What you should do. Go to the line containing "Rachael Ray Cucina" in the material below. From there to the end, retype every line exactly and drop the pictures.

Collected material: Begin

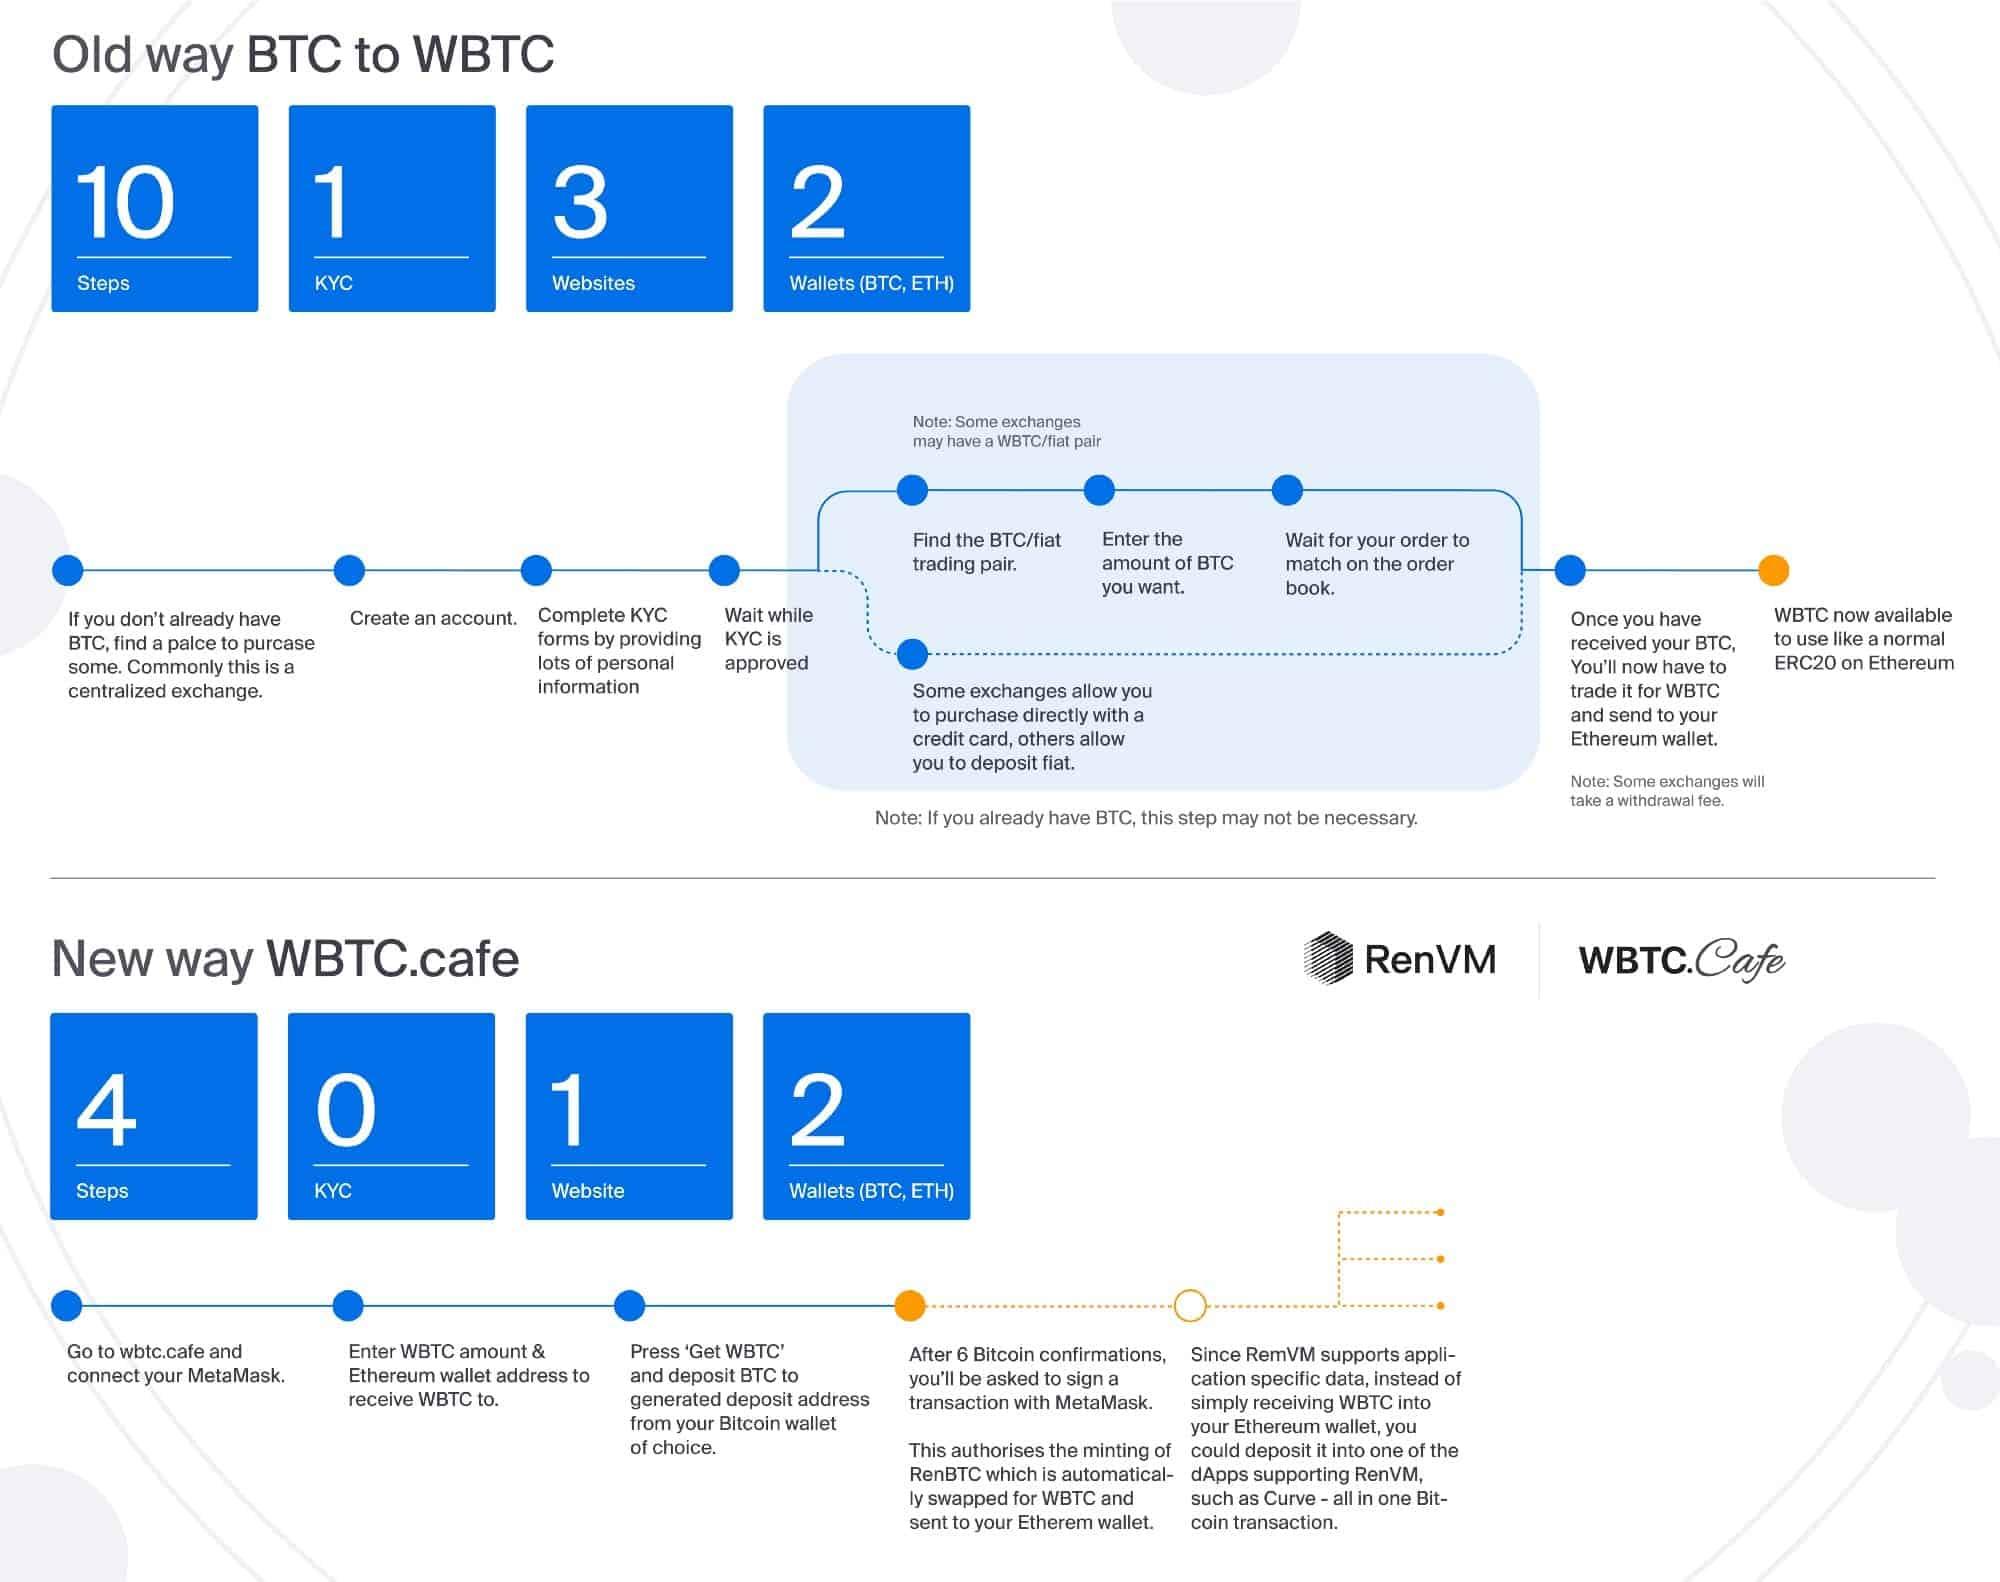 BTC To WBTC Using WBTC.Cafe. Source: Ren Medium
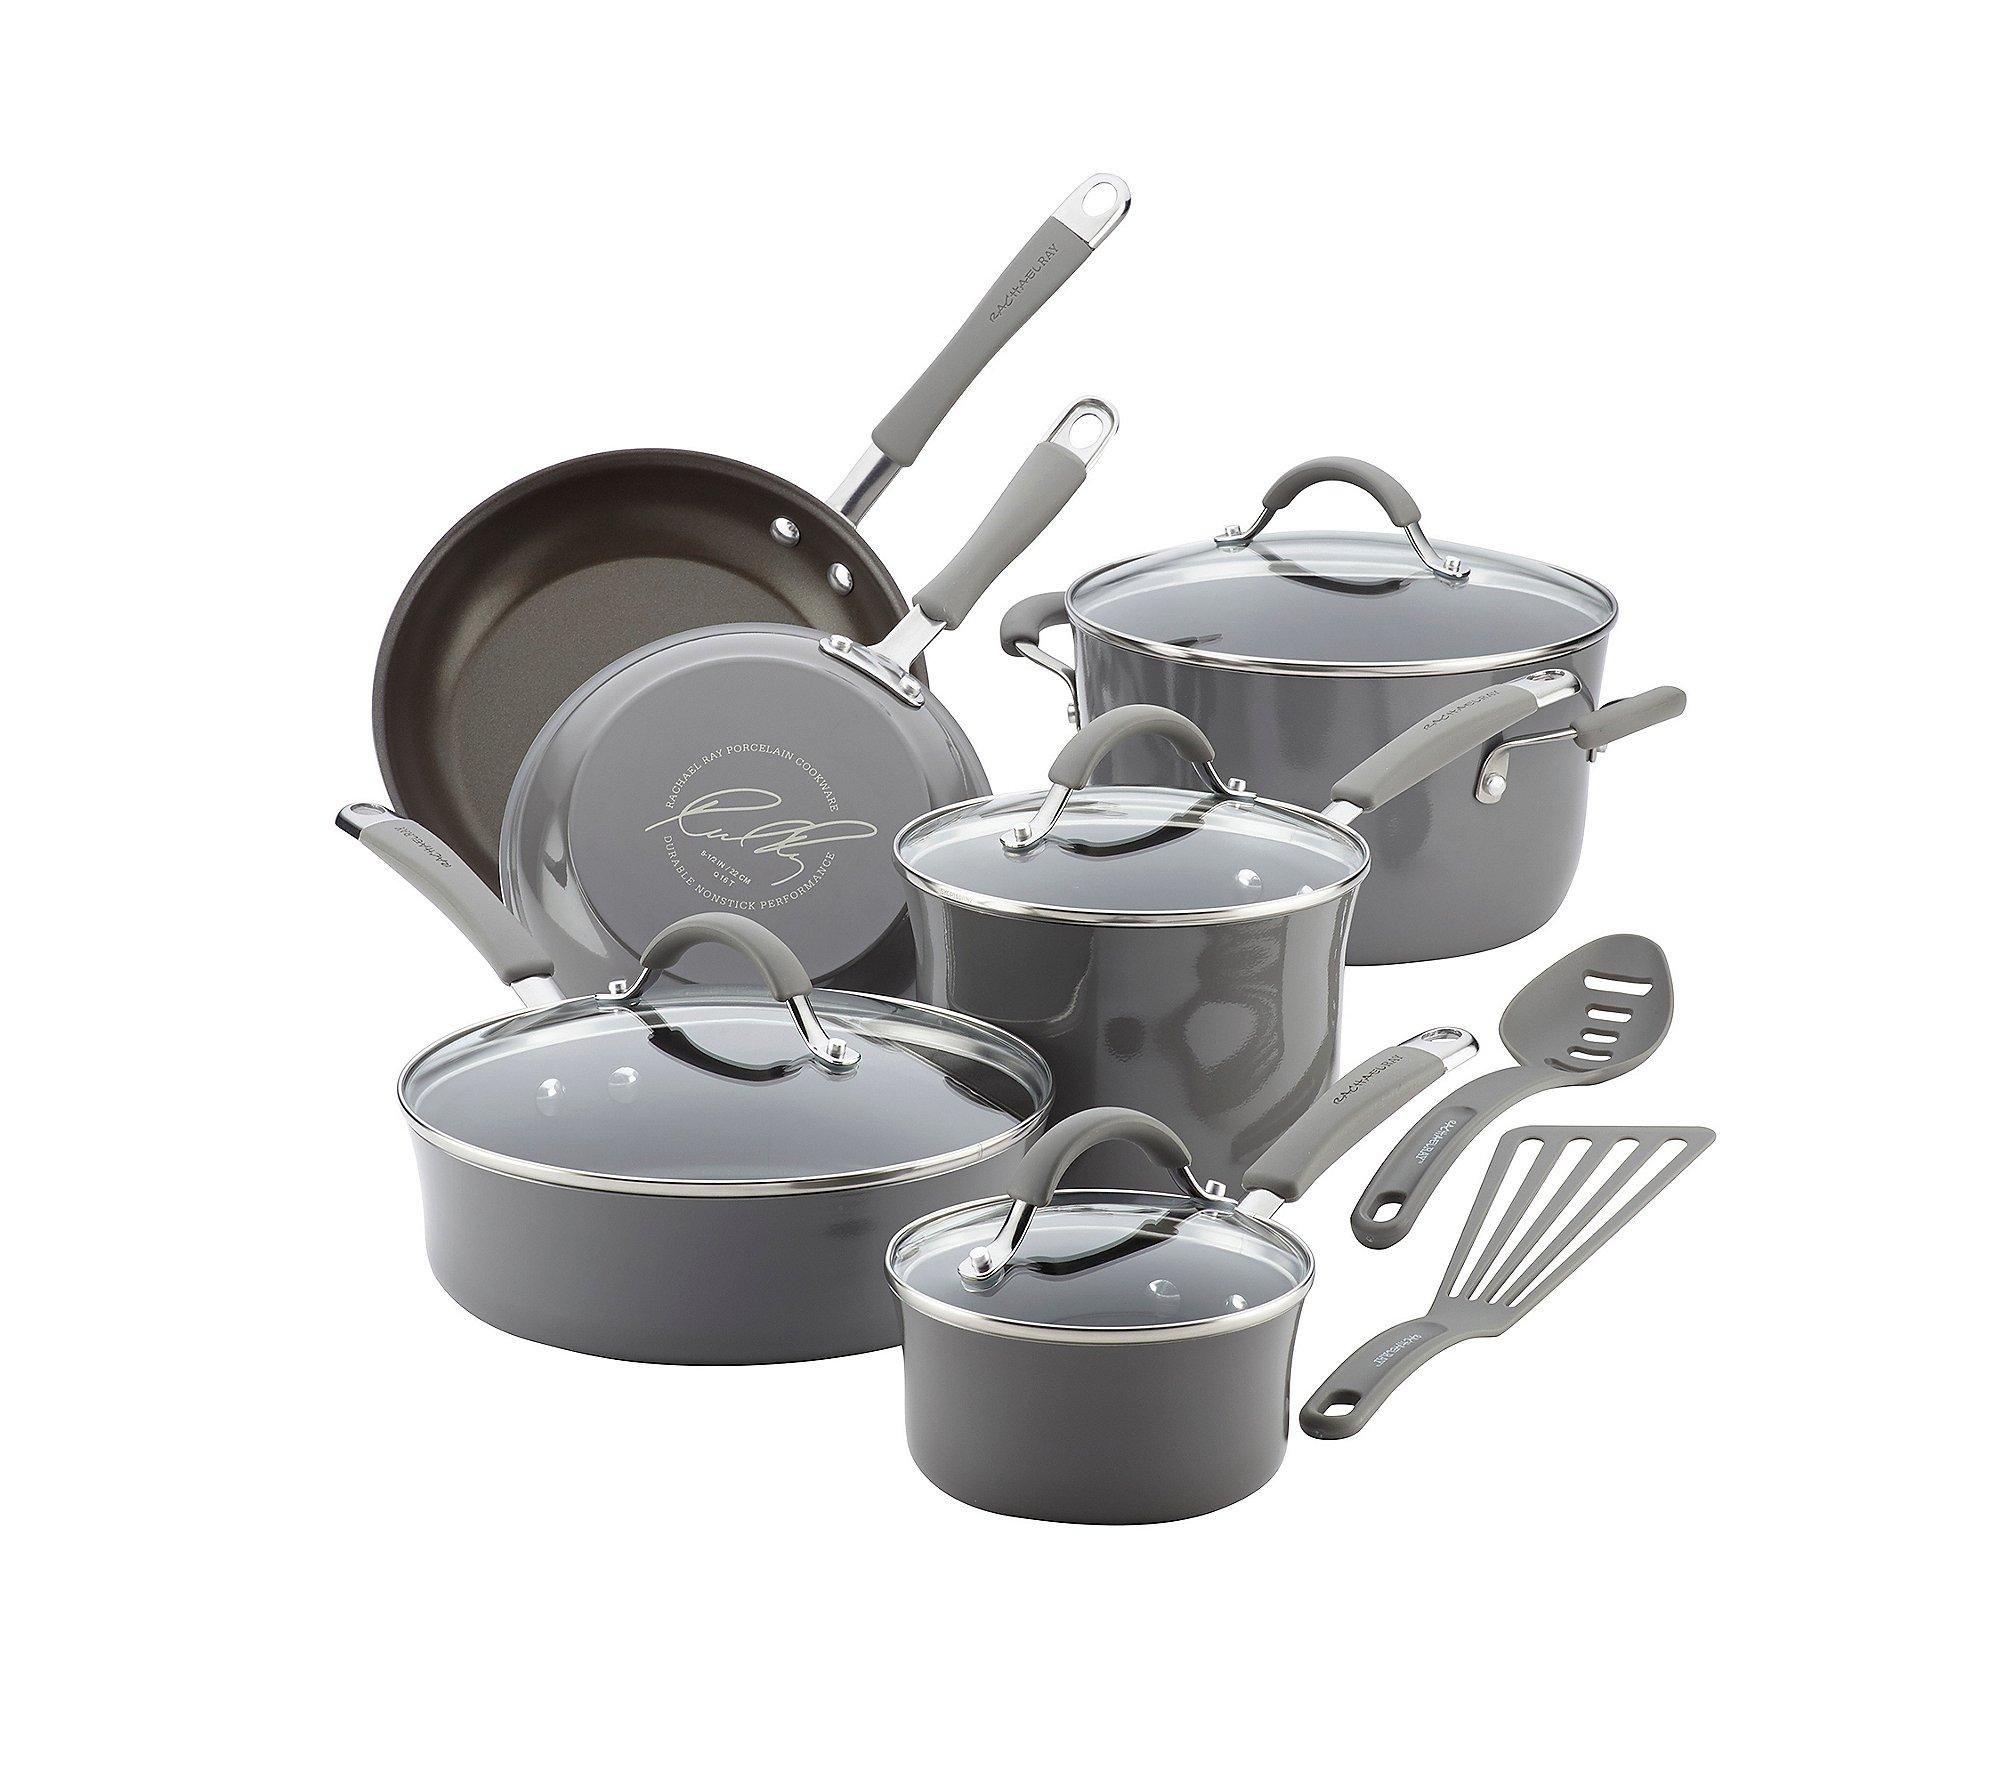 Rachael Ray Cucina Hard Porcelain Enamel Nonstick Cookware Set, 12-Piece 71dxqHwOo L
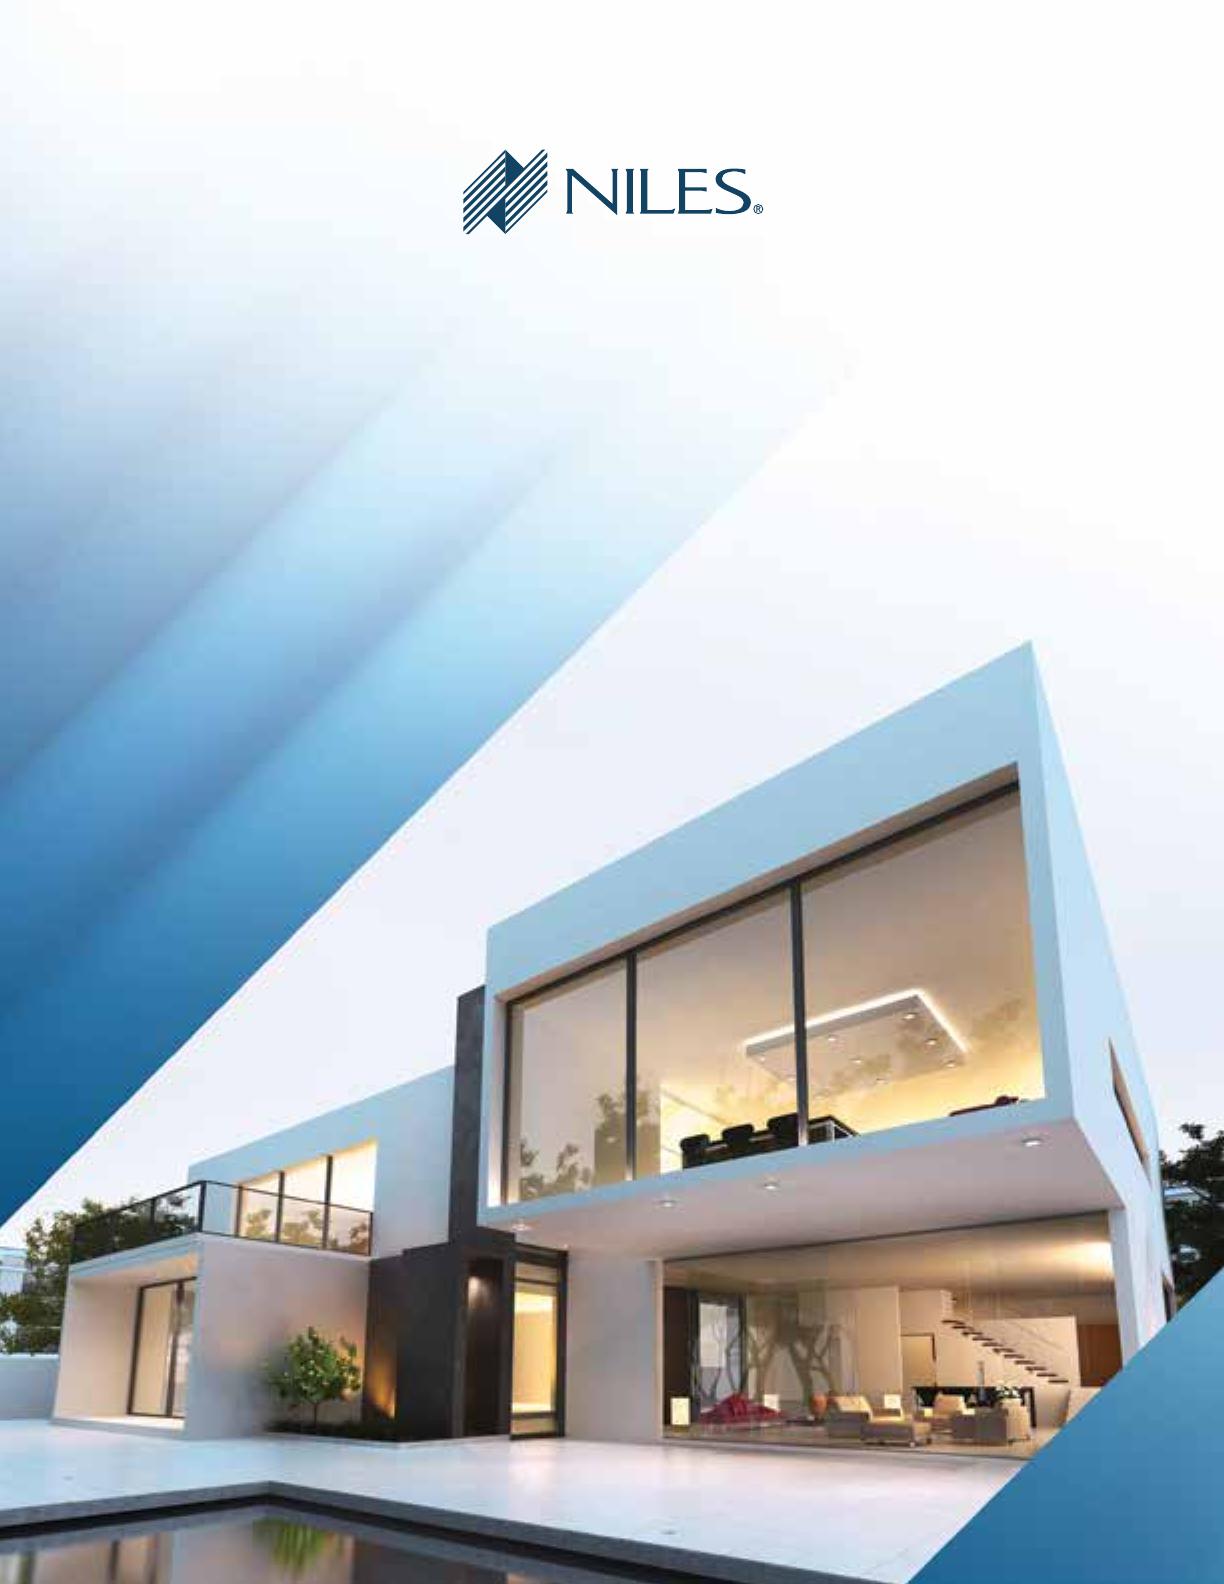 Pdf Niles Catalog on

Collected material: End

Result for this task.
 Rachael Ray Cucina Hard Porcelain Enamel Nonstick Cookware Set, 12-Piece 71dxqHwOo L
 Pdf Niles Catalog on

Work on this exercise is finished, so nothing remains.